„Da sind einige dabei, die keinen Kinderarzt finden“, sagt die Ärztin. Sie weiß aus eigener Erfahrung, wie schwer es in Dortmund ist, einen Arzt zu finden. Vor ein paar Monaten half sie vertretungsweise in einer Kinderarztpraxis aus. Ständig riefen Eltern an und fragten, ob ihr Kind neu aufgenommen werden könne, erzählt sie. „Aber fast alle Praxen haben Aufnahmestopp. Dann nutzen die Eltern eben den Notdienst als Kinderarzt-Ersatz.“
Offene Sprechstunde reicht nicht
Derdya Demirci ist eine dieser Eltern. Ihre kleine Tochter habe Mundgeruch, trinke viel und lasse viel Wasser, schildert die junge Mutter – alles typische Symptome für Diabetes. „Ich habe Angst, ihr das vererbt zu haben“, sagt sie. „Ich will das unbedingt abklären.“ Aber mit ihrem Kinderarzt sei sie unzufrieden, fühle sich schlecht beraten.
Akut ist es bei einem kleinen Jungen im Wartezimmer nebenan. Er hat eine bakterielle Infektion, der Kopf ist dicht, die Nase läuft, die Augen sind geschwollen und rot. Einen Kinderarzt habe sie zwar, schildert die Mutter. „Aber offene Sprechstunde ist nur von 10 bis 11 Uhr.“ Was solle sie machen, wenn es danach drastisch bergab gehe?
Ein ähnliches Problem haben Aferdita Ajdini und ihre Tochter Dalina.
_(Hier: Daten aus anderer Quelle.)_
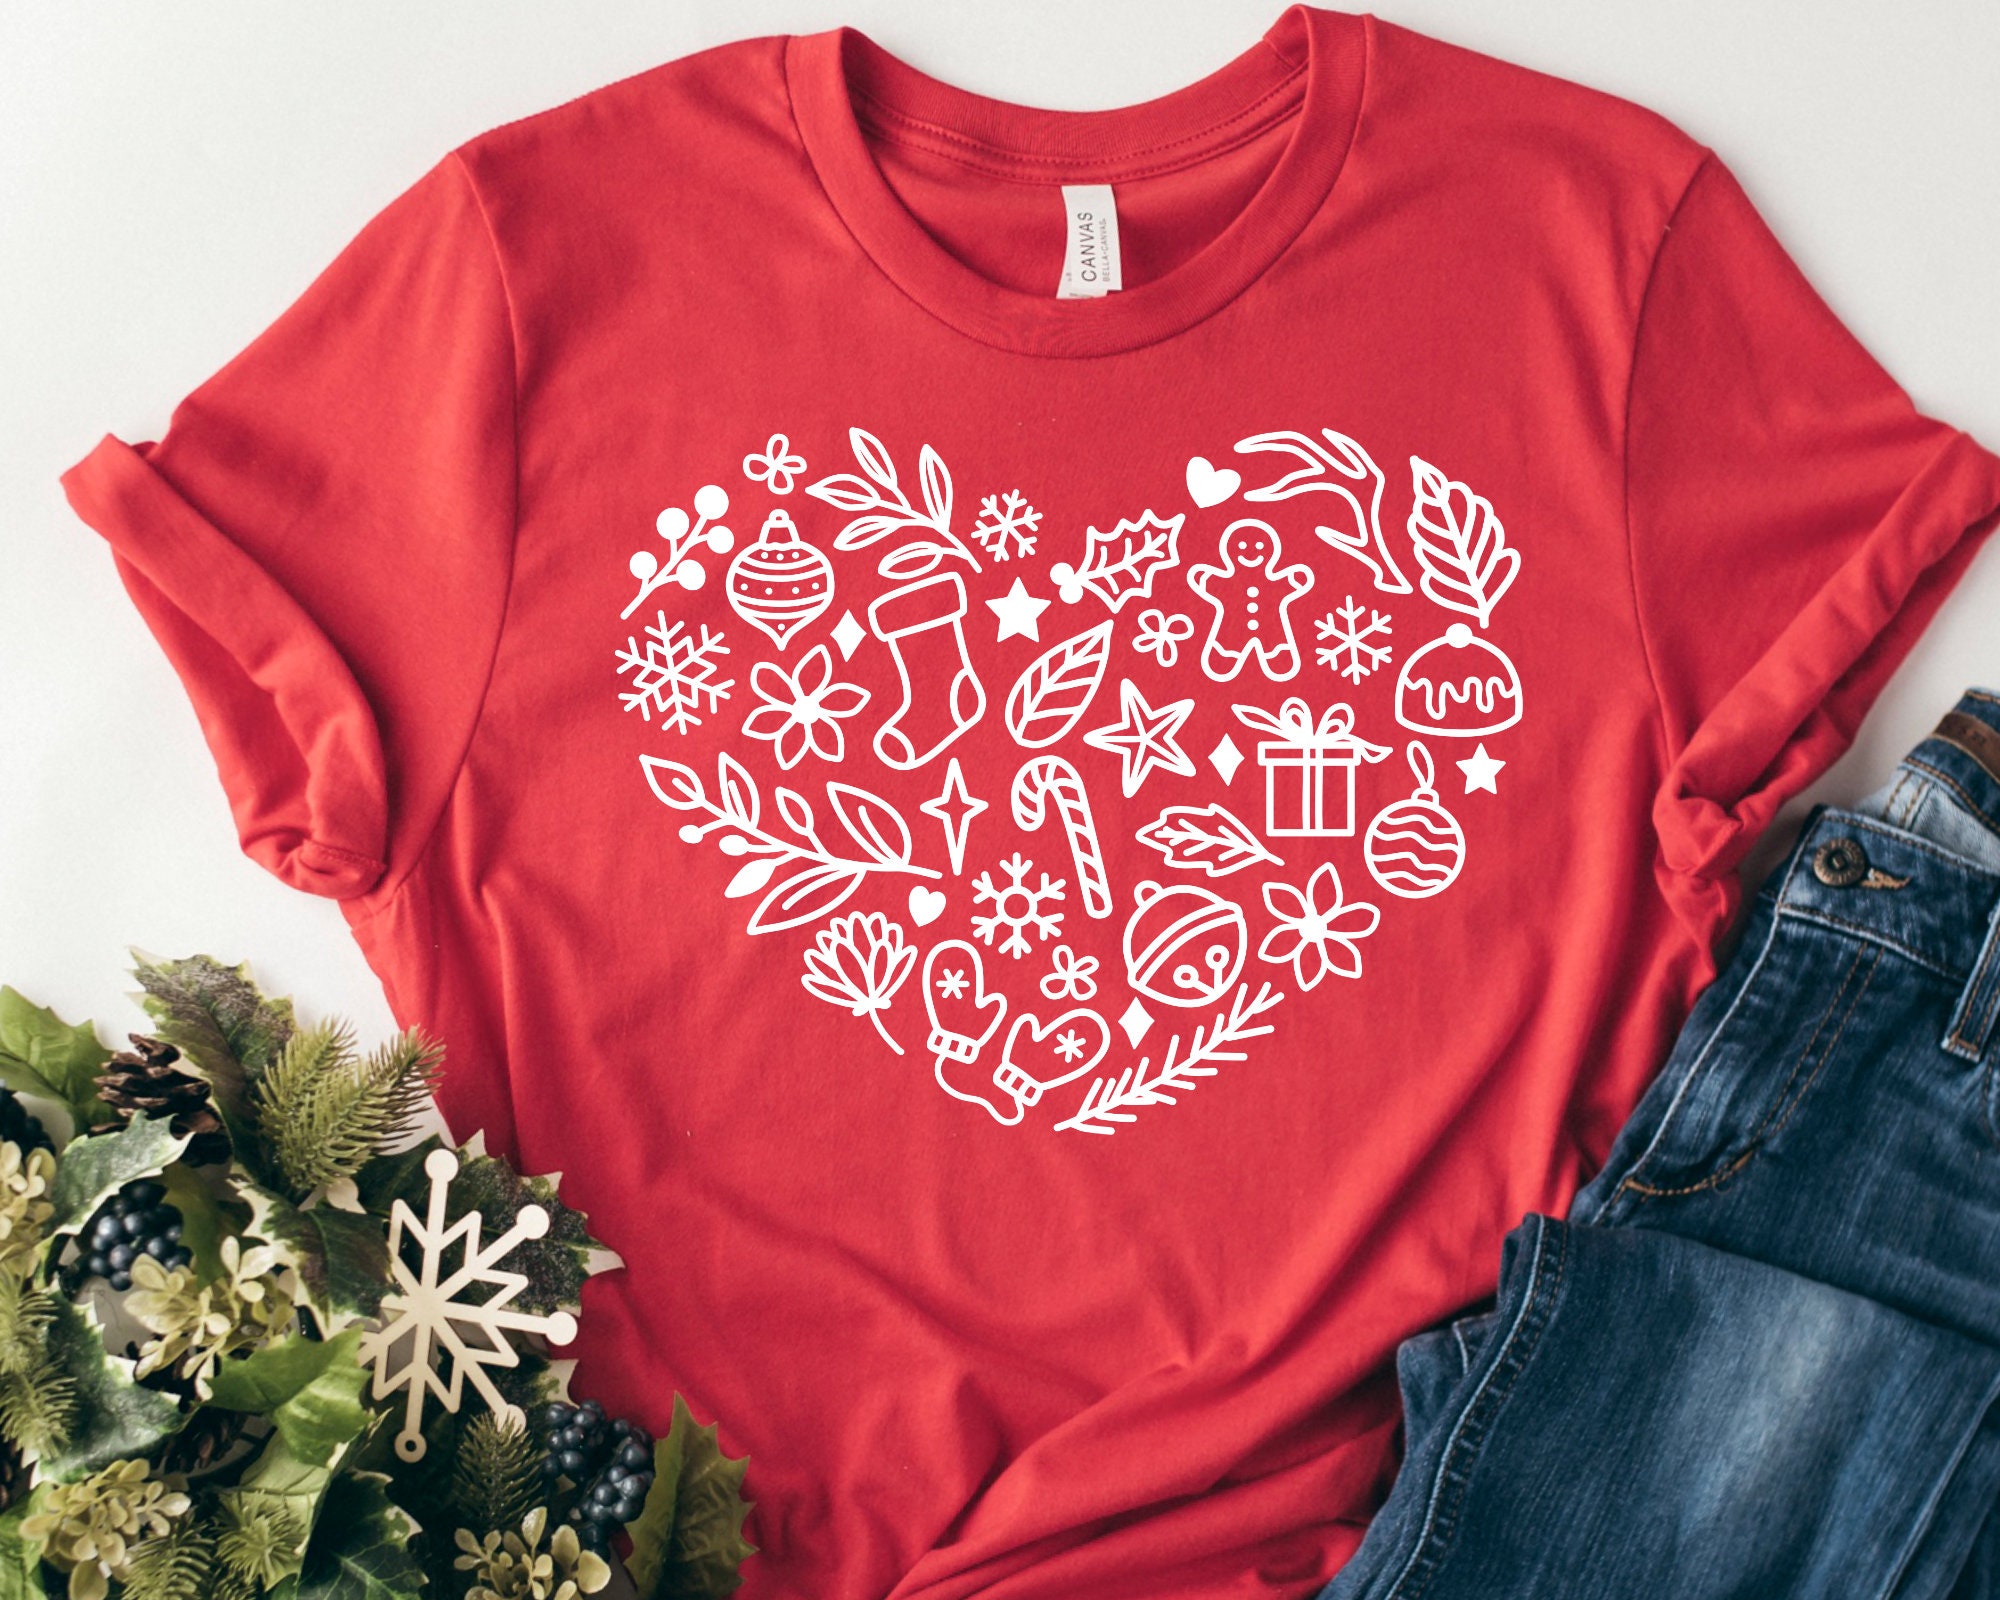 Christmas SVG Bundle - Christmas shirt SVG for Cricut - Christmas tee

Die Neunjährige klage immer wieder über Druck und Schmerzen in der Brust. Einen guten Arzt haben sie zwar – aber der Termin beim Kinderkardiologen zieht sich hin. „Wir haben im Juni einen Termin für Oktober bekommen. Vier Monate!“, ärgert sich die Mutter.
Ärztin Müer checkt Dalina, die Werte sind gut. Sie rät der Schülerin zu Sport und weniger Sitzen. Ihre Mutter ist beruhigt, aber in ihren Augen arbeitet der Ärger: „Wir haben sieben Stunden gewartet“, sagt sie. Trotzdem bleibt sie verständnisvoll und freundlich.
Was die Kinderärztin sonst noch erlebt, siehst du hier im Video.
Und die meisten bleiben nett. Aber die wenigen, die über die Stränge schlagen, sind die, die im Gedächtnis bleiben. „Vor allem die Väter werden schnell ungeduldig und aggressiv“, weiß Prof. Dominik Schneider. Der Ton werde rauer, sagt der Klinikchef. Um die Mitarbeitenden zu schützen, sei fast immer Security in der Kinderklinik unterwegs. Manchmal stehe der Sicherheitsmann nur im Wartezimmer – das reiche schon, um Ruhe reinzubringen und die Gemüter zu kühlen.